I wanted to incorporate these types of mechanics into the game.  In any given Mecha's turn it can change its direction of movement, do a maneuver, change height in the battlespace, speed-up, slow down, and even change its forward facing separately from the direction of movement.   This means that flying and positioning your mecha is more important than any other aspect of the game.  Plus, weapons have limited fire arcs and can only fire up or down one level.  Therefore, you can maneuver to avoid or engage and knowing when to do which is vital.    

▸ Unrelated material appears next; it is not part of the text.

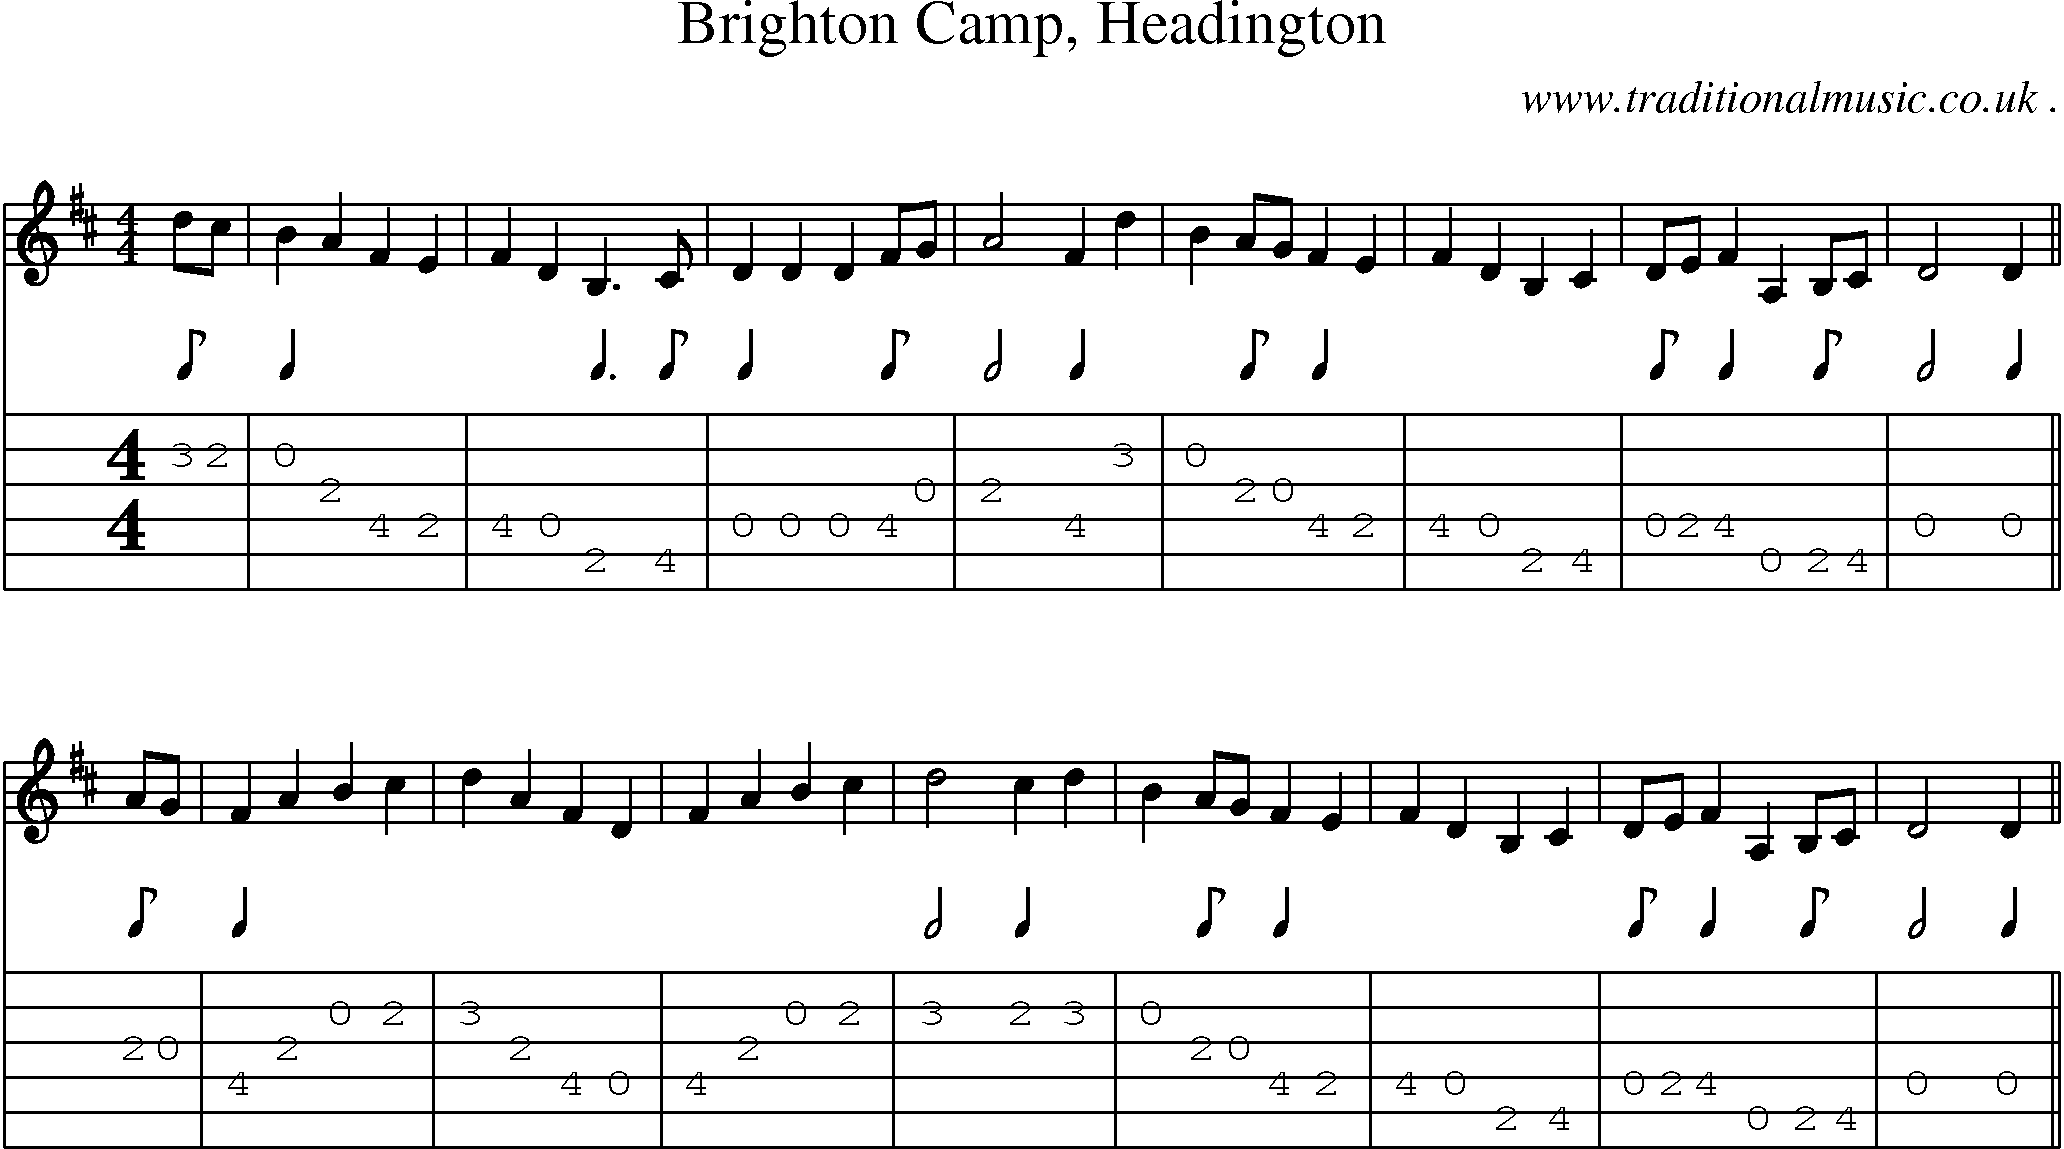 Sheet-Music and Guitar Tabs for Brighton Camp Headington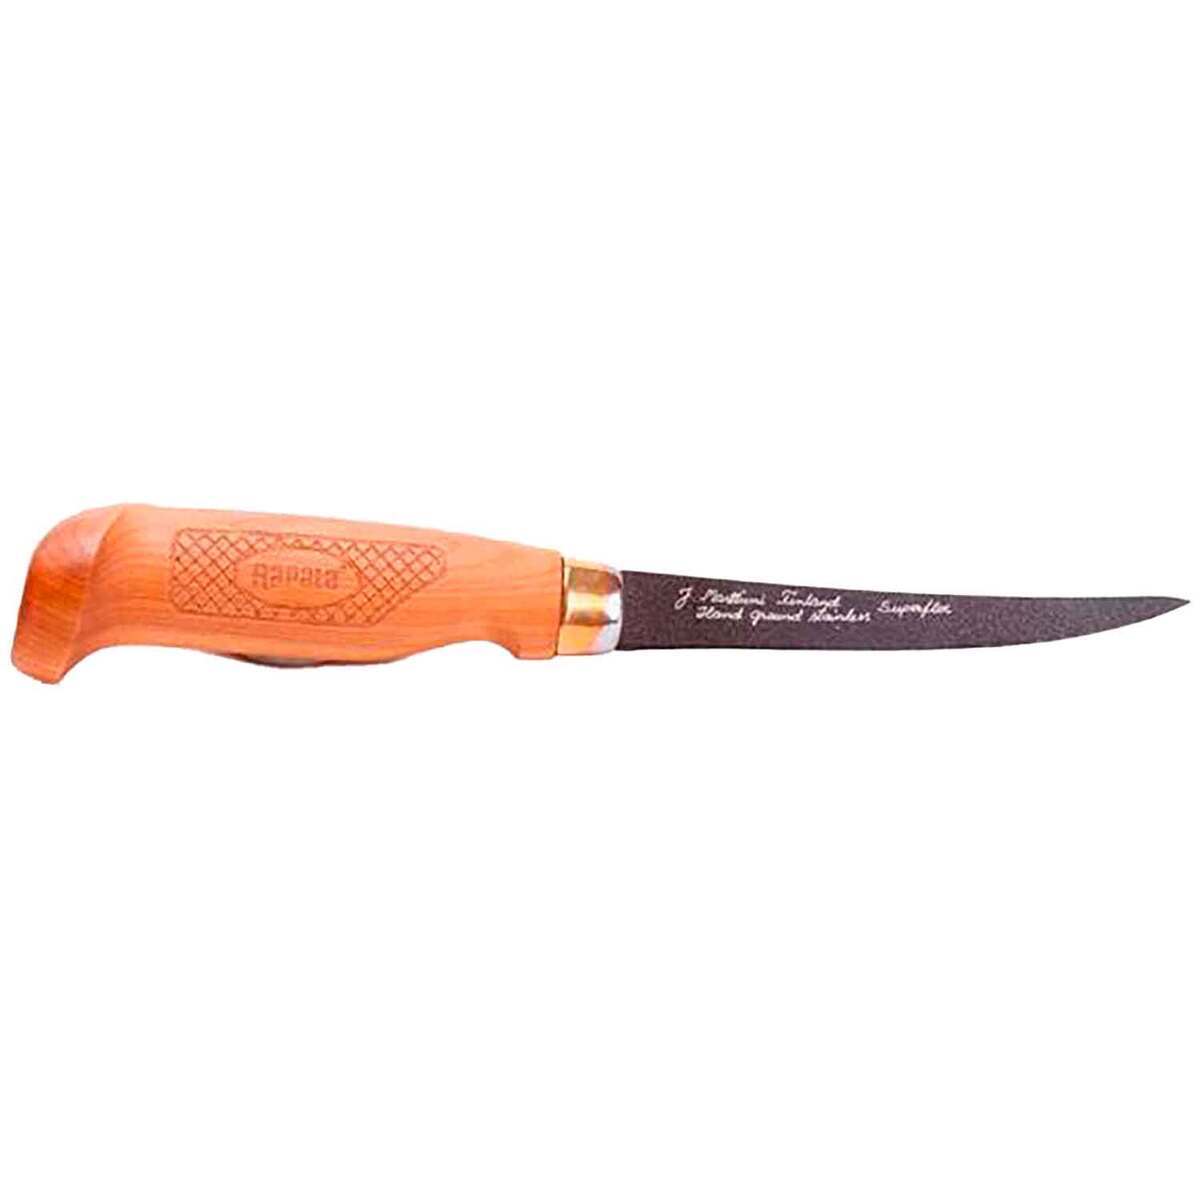 https://www.knives.com/medias/rapala-fish-n-fillet-superflex-fillet-knife-wood-4in-1142627-1.jpg?context=bWFzdGVyfGltYWdlc3wyNDk5NHxpbWFnZS9qcGVnfGhjNS9oNDEvMTA3OTY4MDM5NDg1NzQvMTE0MjYyNy0xX2Jhc2UtY29udmVyc2lvbkZvcm1hdF8xMjAwLWNvbnZlcnNpb25Gb3JtYXR8MTYxNjQ1YjQ3OWEzMjNjYzA1YzI1ZjZmM2ZlMmYxYzlmZDU5MzNiNmU5ZmMyMmJkMTkzNjVhYjkwZjRmMTg2Zg

These are skills that a player will need to bring to the game.  The actual piloting of the Mecha in your force are a thing for the player.  Is it the right scale for the conflict where each Mecha is being piloted by the player?  Probably not, but I do enjoy the "skill" aspect of these types of aircraft games.  Some of the most thought provoking and tactical games I have ever played are Airplane games.  Hopefully, I have captured that here too.  

Earth Alliance Suits close in on a New Olympian Ares

Model and Scale Agnostic
I made the game scale and model agnostic, so you can bring any sized mecha you want to the game.  I actually designed the game with Dream Pod 9's With The Lightnings range in mind.  However, I ended up using some cheap plastic robots that I modified for the game.  Therefore, when I wrote the game I wanted a model and scale agnostic system.  

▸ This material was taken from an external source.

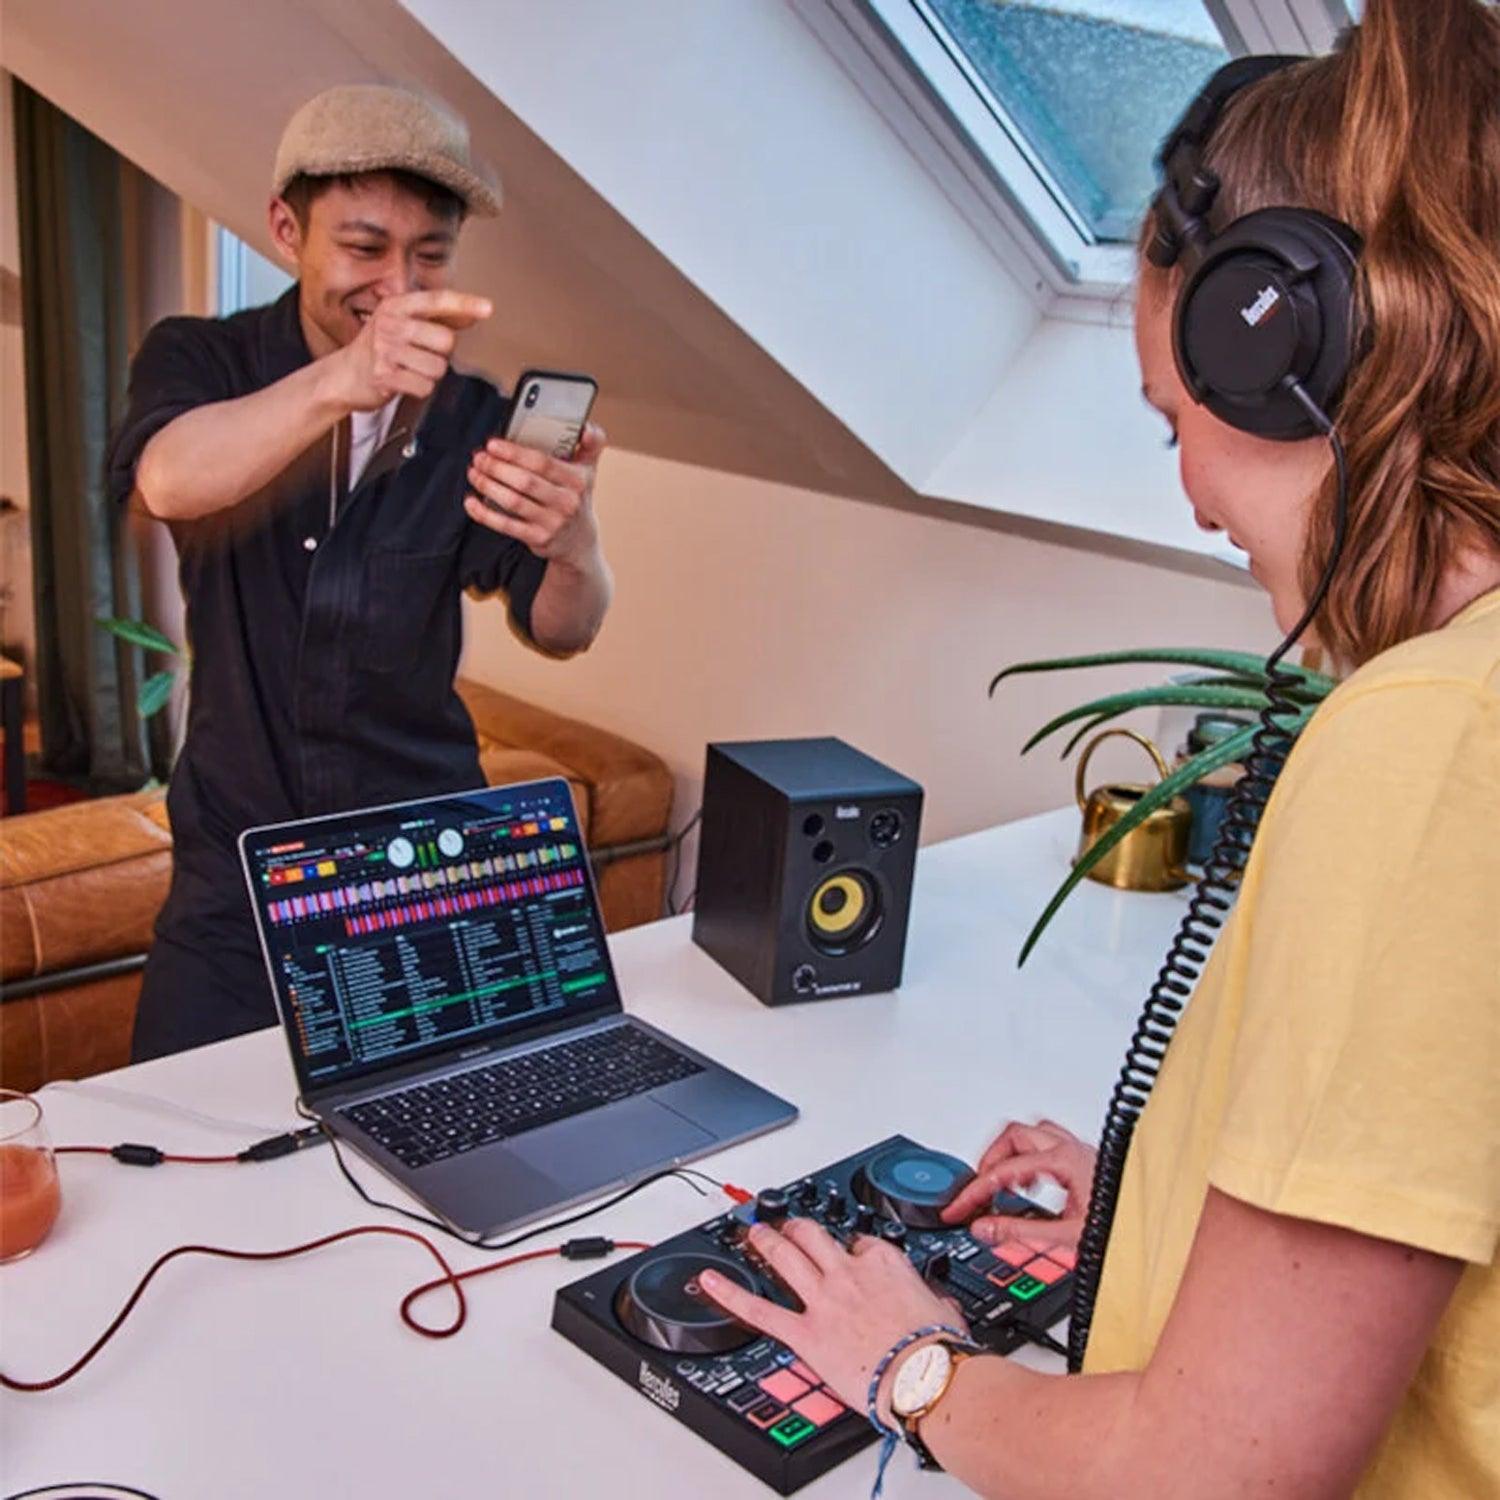 Hercules DJ Learning Kit MK2 With Inpulse 200, Monitors & Headphones - DY Pro Audio

That said, I did not include a "Build your own Mecha" system into the game.  Instead, I created a background and factions.  These are there so you can quickly get a fun, thematic game to the table quickly but the game works fine if you eject the background in the book.  Instead, there are some fairly straightforward unit designs from each faction that can fit into a variety of archetypes.  

Why did I avoid a "Build your own Mecha" system in the game?  The main reason is that they are too hard to build, too hard to articulate, scale arbitrarily, and are impossible to balance.  Once they leave my hands, they are way to easy to cheese, and there is no system I can design that a player could not simply break.  Of course, players are always free to design their own Mecha and homebrew what they wish!  The Mecha designs I have in the book should be easy to break up and use as a baseline for your own creations.         

An Earth Alliance Lander is escorted by a pair of Combat Suits

The rules have a campaign system that can be used to link games together.  Your squadron can also gain experience and become Aces.  Their is skill progressions and special maneuvers that Aces have that other pilots do not.  Plus, the campaign has a definitive end point with a "Final Battle" scenario. 

There is a variety of units besides just Mecha in the game.  There are interceptors, long-range launchers, ground defenses, mines, defensive weaponry, and more.  These different units allow a squadron and player to deal with a variety of tactical challenges.  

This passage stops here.